Пару лет спустя мы вместе прошли через очищающую диему Кароля Вордермана. Жиль познакомил меня с концепцией тренировок (хотя они всё равно были в лучшем случае спорадическими). Моё пьянство было в разумных границах. Мы были относительно здоровы. Но в сравнении с Мортеном и Еленой, воинами за этику-органику-осознанность-переработку-отходов, мы были невежественным быдлом, способным жить на замороженных батончиках Марс. Моя совесть сжималась от мыслей о жестоком обращении с животными, когда я вспоминала о тончайшей восстановленной грудке индейки, которой я наслаждалась, дополнив её заранее нарезанным хлебом из супермаркета с полным лактозы маслом.
Это был новый мир более, чем в одном смысле.
Тем вечером, когда мы возвращались домой, держа за руки наших партнёров, я отважилась высказать то, что показалось грубым и невежливым мне самой.
Особенно, после того, как они заплатили по счёту.

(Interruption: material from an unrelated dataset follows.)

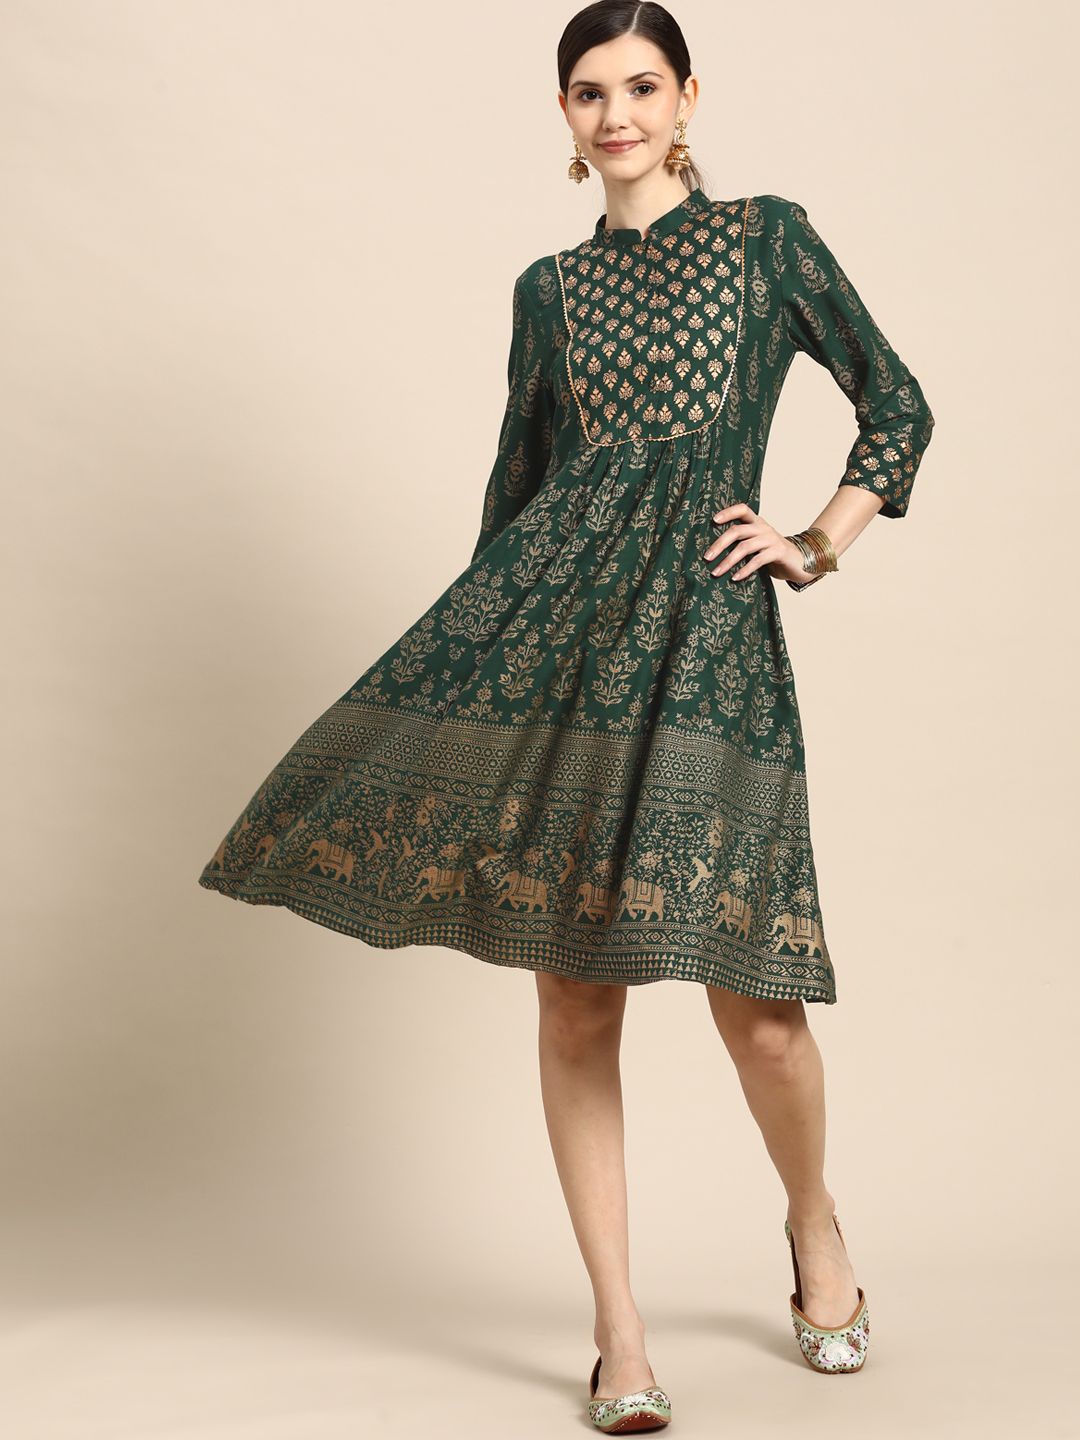 Sangria Teal & Golden Ethnic Motifs A-Line Midi Dress Price in India

– В эти праздники я хотела бы провести некоторые ночи со своим мужем, – сказав, я покраснела. – Я имею в виду, что хотела бы провести их в одной кровати с Жилем. Определённо, это наше личное дело – будем мы заниматься с ним сексом или нет. Особенно, если нас не будет слышно.
В какой степени следует делиться в нашем новом полиаморном мире? Насколько я могу быть жадной в отношении моего мужа, чтоб это не казалось невеликодушным? Должны ли мы решить: сколько ночей он проведёт со мной и сколько с Еленой? Имею ли я, в качестве жены, больше прав, чем она в качестве любимой девушки? Или наоборот: новые отношения всегда получают приоритет перед старыми?
– Смотри, что тут написано, – сказал, смеясь, Жиль, показывая на цепочку сообщений на дискуссионном форуме. – Эта полиаморная семья, по всей видимости держит на холодильнике таблицу, для того чтоб спланировать кто когда с кем спит.
Наши жизни в последний год развивались параллельно. Смотря рядышком телевизор, мы оба набирали что-то на ноутбуках, наполовину поглощённые этим занятием. Но, внезапно, мы были снова вместе. Читали вместе. Разговаривали вместе. Любили вместе. Готовились к другим любовям. Но вместе.
Однако, с практической стороны, другие любови были всё-таки отдельны. И это требовало выбора. Выставления приоритетов и отказа. Это было просто. Так… кто лучше в постели?
Я хотела быть с моим новым любовником. Но я не хотела, чтобы старый был обижен. Так что я не приняла никакого решения.
– Я не знаю, пожалуй, – сказала я, желая при этом спать с Мортеном.
– Я тоже, – добавил Мортен, пожалуй, немного торопливо. Проклятье.
– Я легко соглашусь с любым решением! – сказал Жиль.
– Так что выбирать придётся мне? – произнесла Елена. Она была лучше подготовлена к тому, чтоб принять на себя ответственность за принятие решения. Ей честность давалась легко, независимо от того, создавала ли она дискомфорт для остальных. Потому, что она считала, что это не её проблемы. А я была завистлива.
– Я выбираю Жиля.
Ничего удивительного, пожалуй.
– Думаю, тогда ты окажешься со мной! – сказал мне Мортен и голос его звучал, да, обиженно. Это было нелепо. Мы получили именно то решение, которого хотели и оба из-за этого чувствовали себя несчастными. Когда я смотрела, как Жиль с Еленой поднимаются на второй этаж, мне хотелось закричать, что я передумала. Я определённо не хотела оказаться кем-то отвергнутой. К счастью, у меня случился один из этих самых множественных оргазмов. Он сотворил чудеса с моей самооценкой.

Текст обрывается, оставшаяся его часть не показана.